Exercise: Repeat exactly the lines below from the line that contains "1990s Diamond and" to the last line, inclusive, without the pictures.

Provided material:
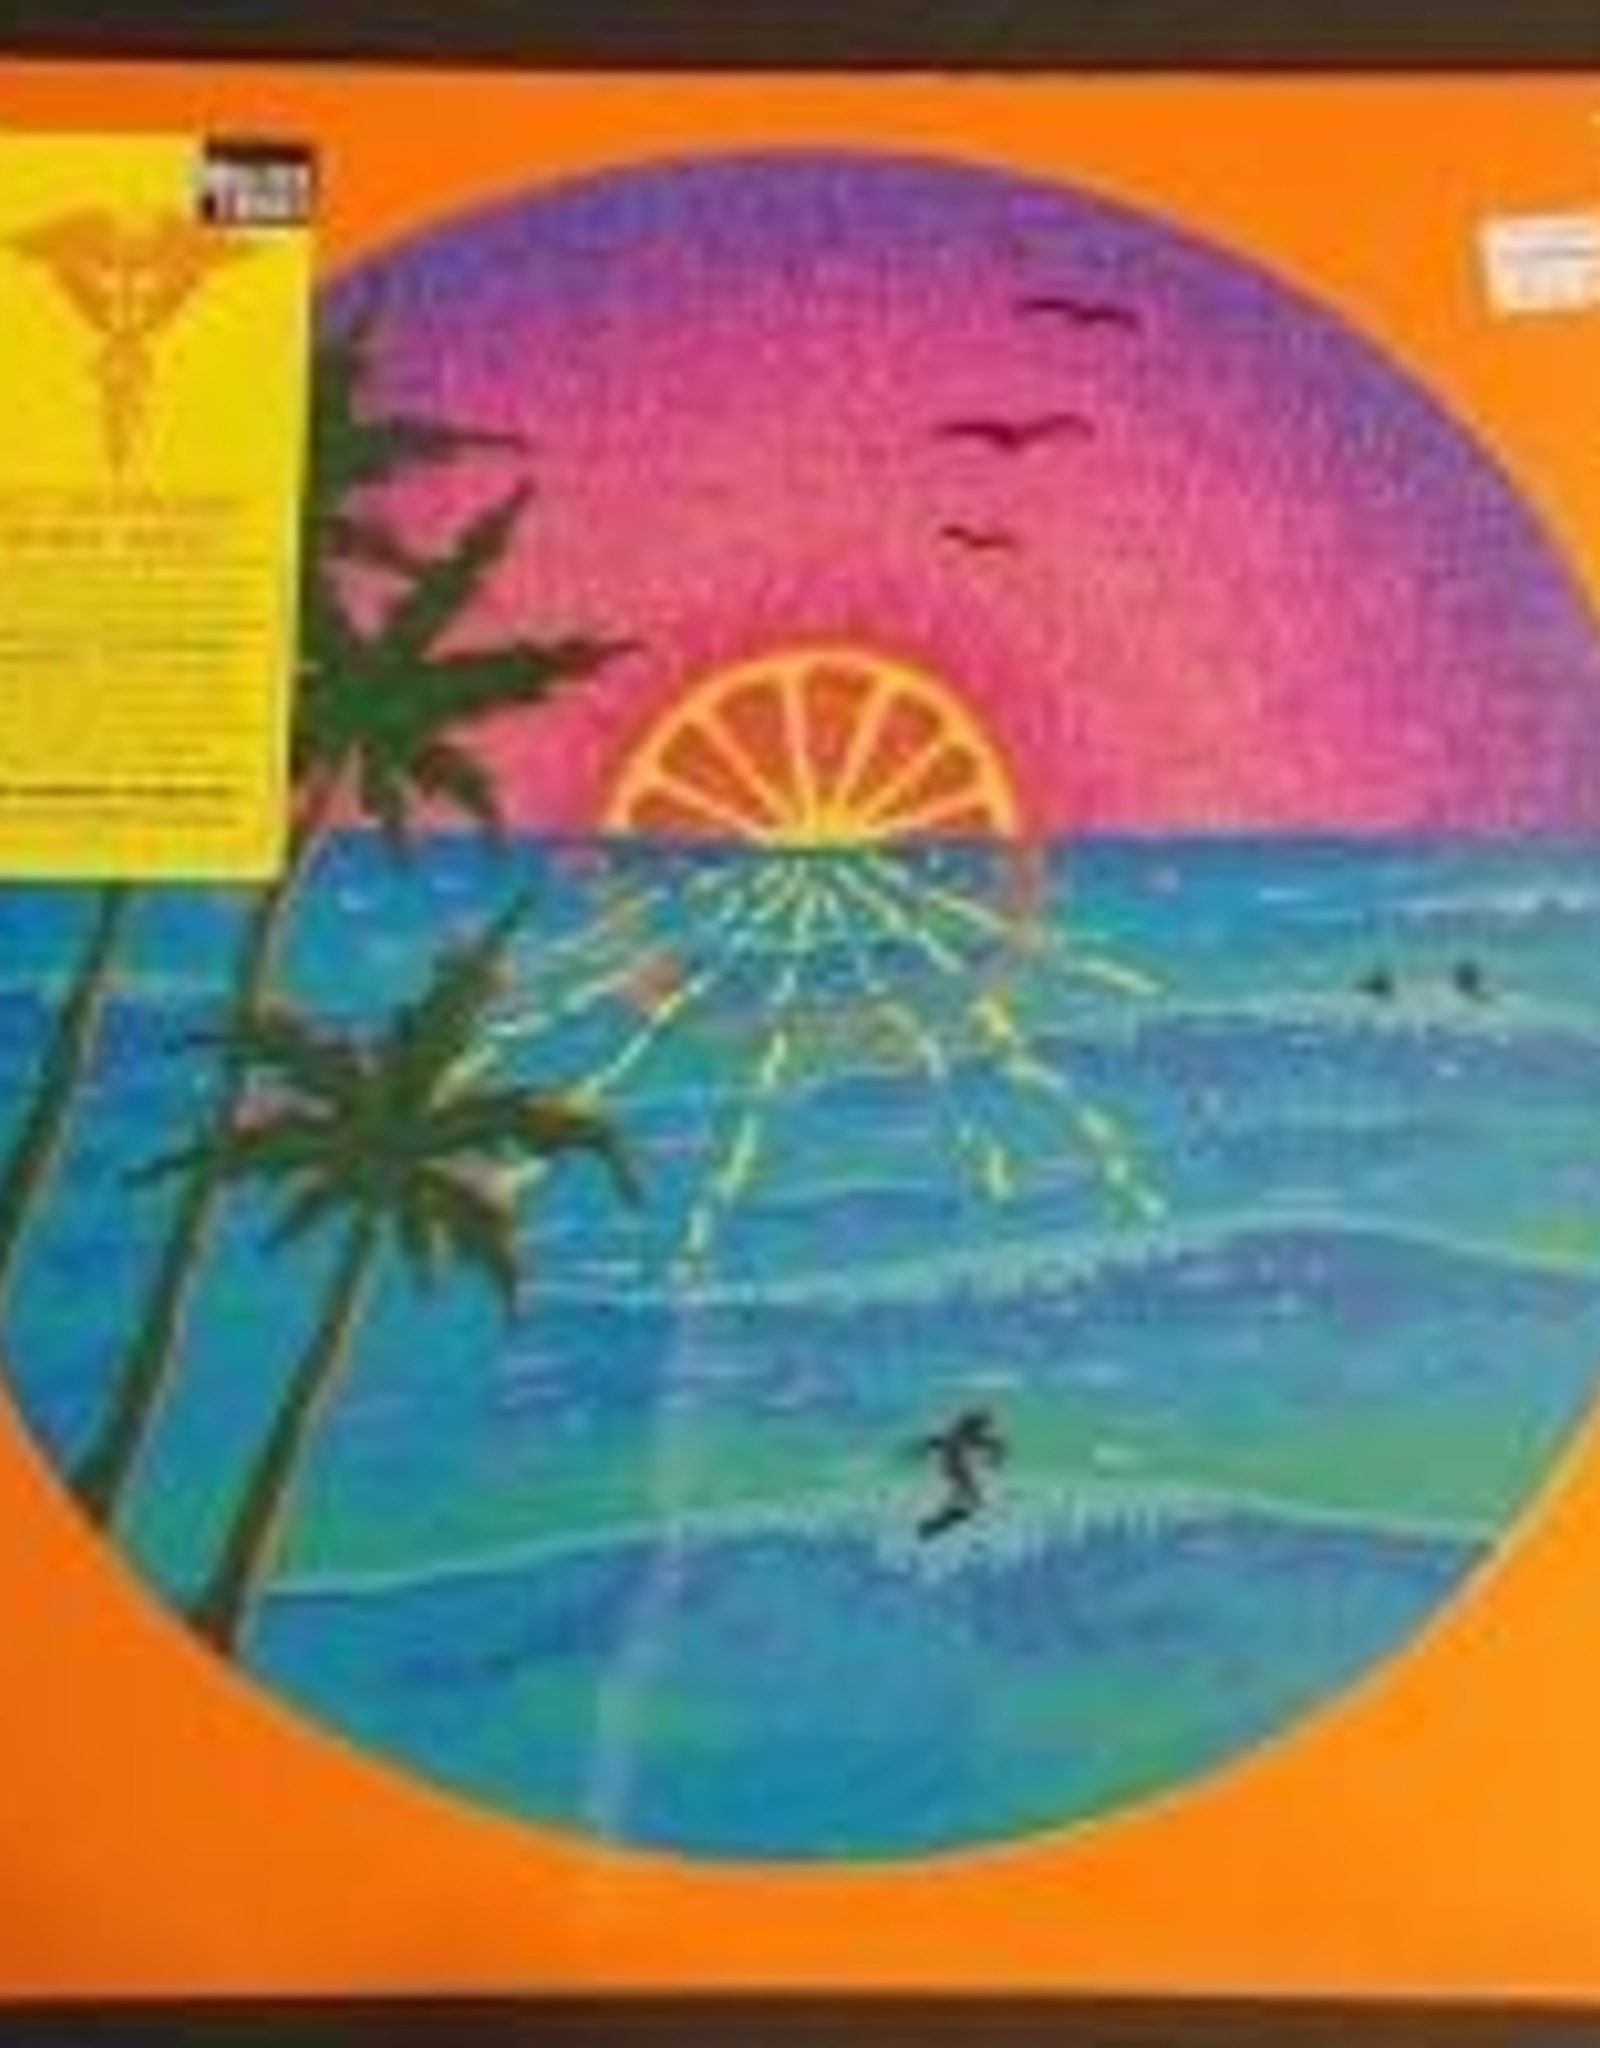 Jazz Dispensary: Orange Sunset (Yellow Starburst Vinyl) (RSD 2020 BF)
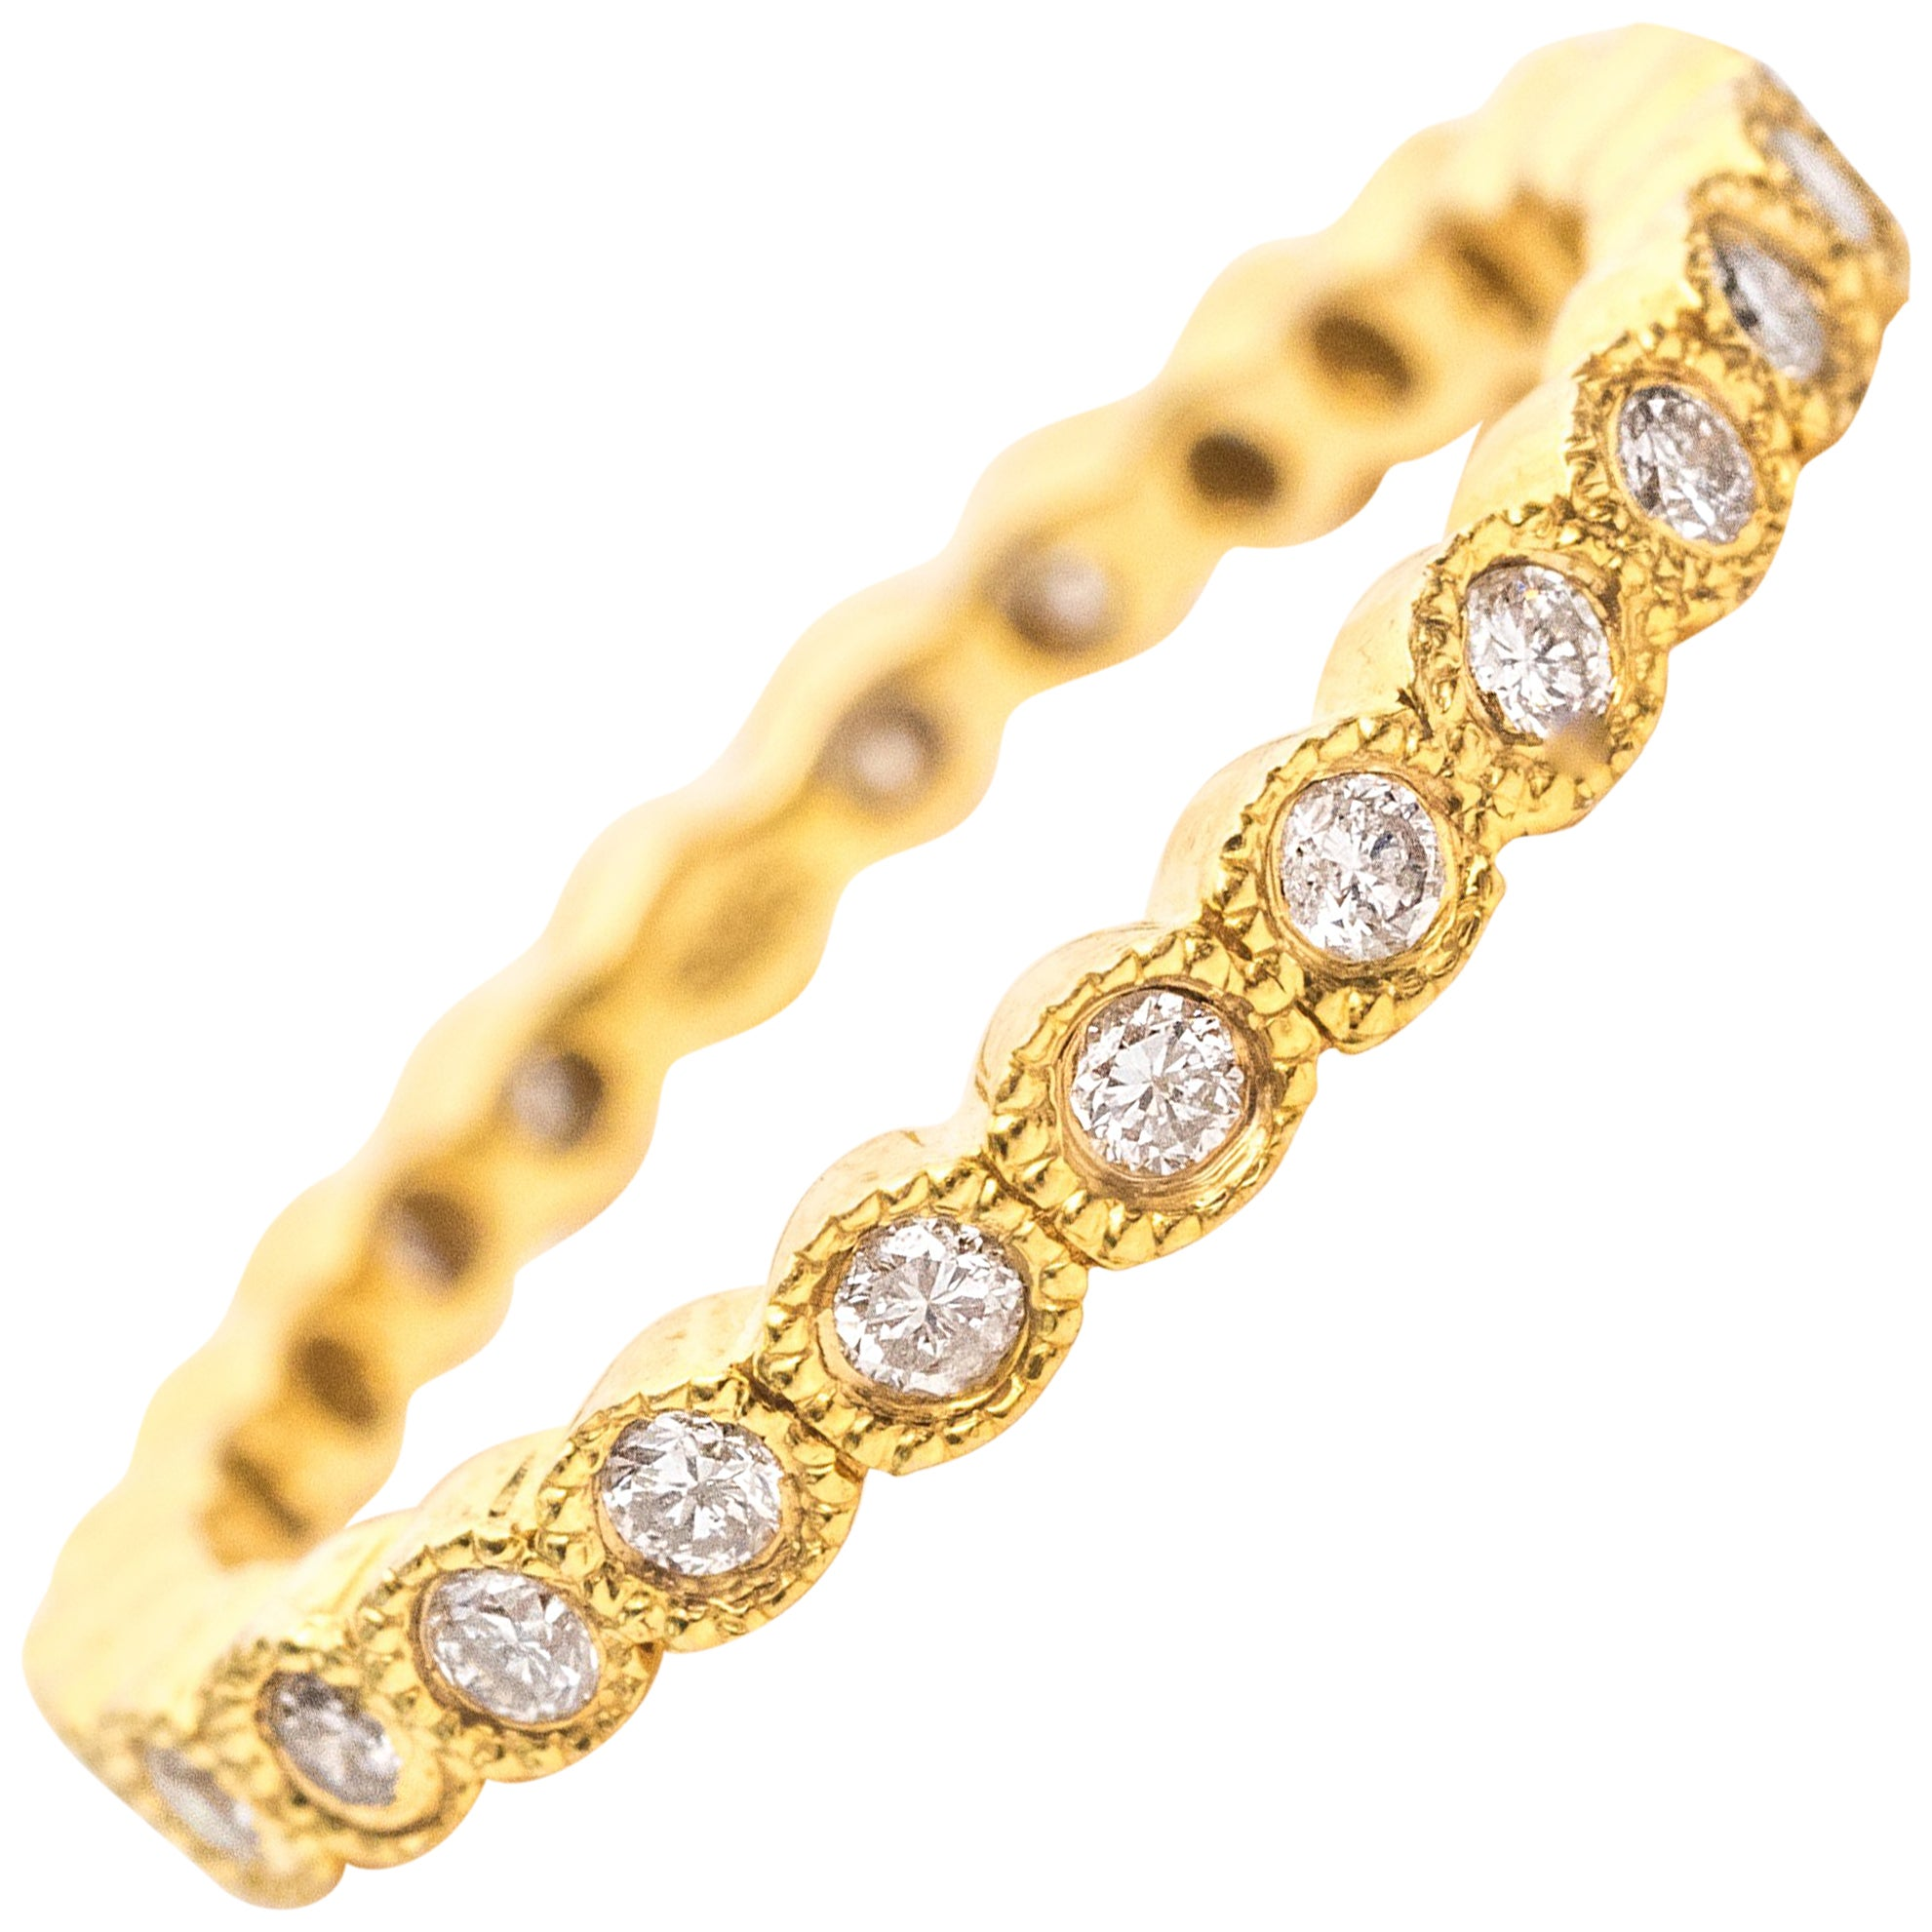 1990s Diamond and 14 Karat Yellow Gold Eternity Band Ring
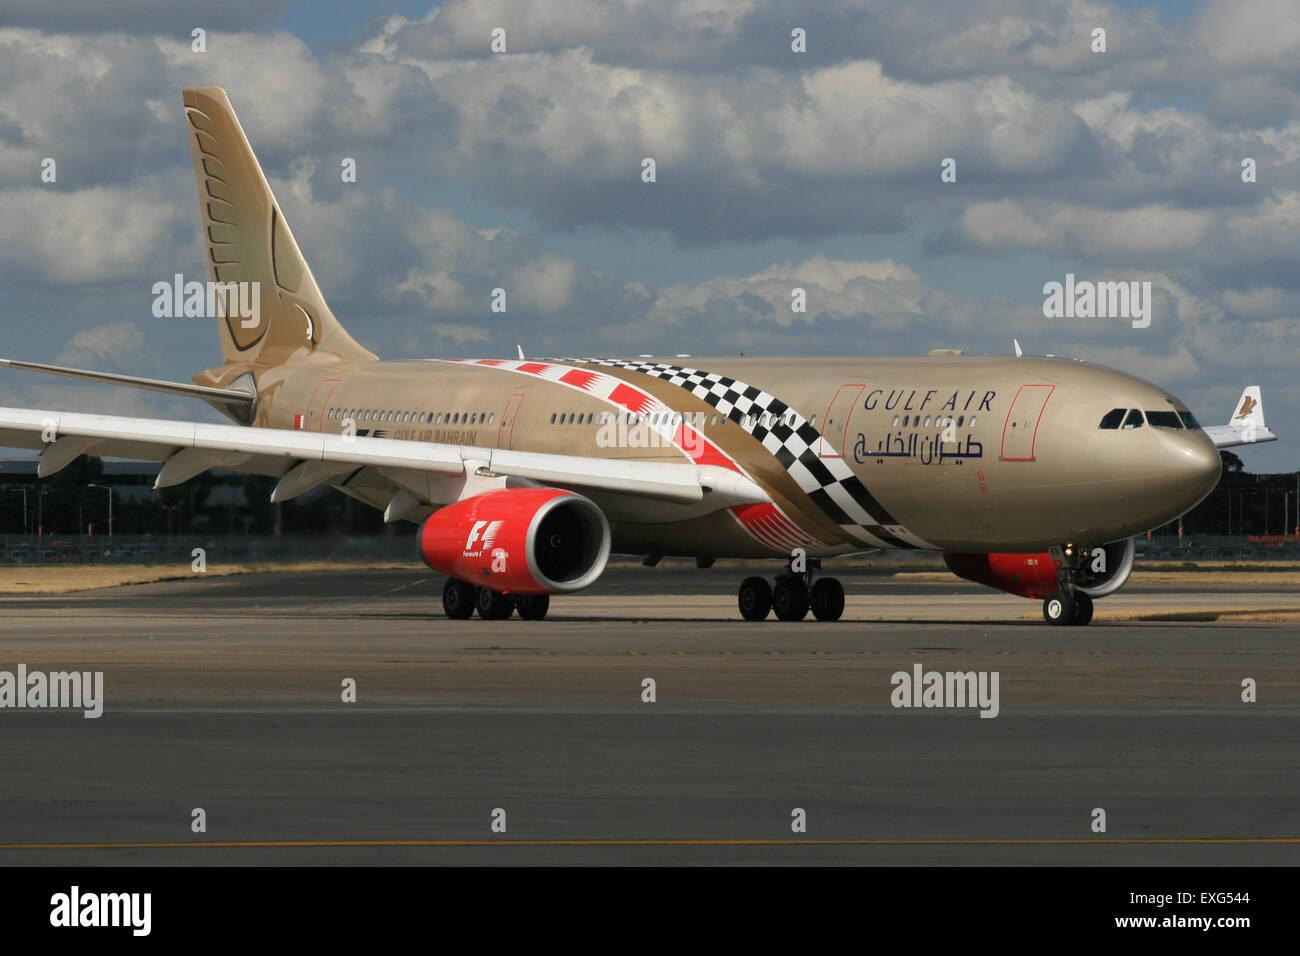 GULF AIR A330 GRAND PRIX FORMULA ONE COLOURS - Stock Image

Response below:
 1990s Diamond and 14 Karat Yellow Gold Eternity Band Ring
 GULF AIR A330 GRAND PRIX FORMULA ONE COLOURS - Stock Image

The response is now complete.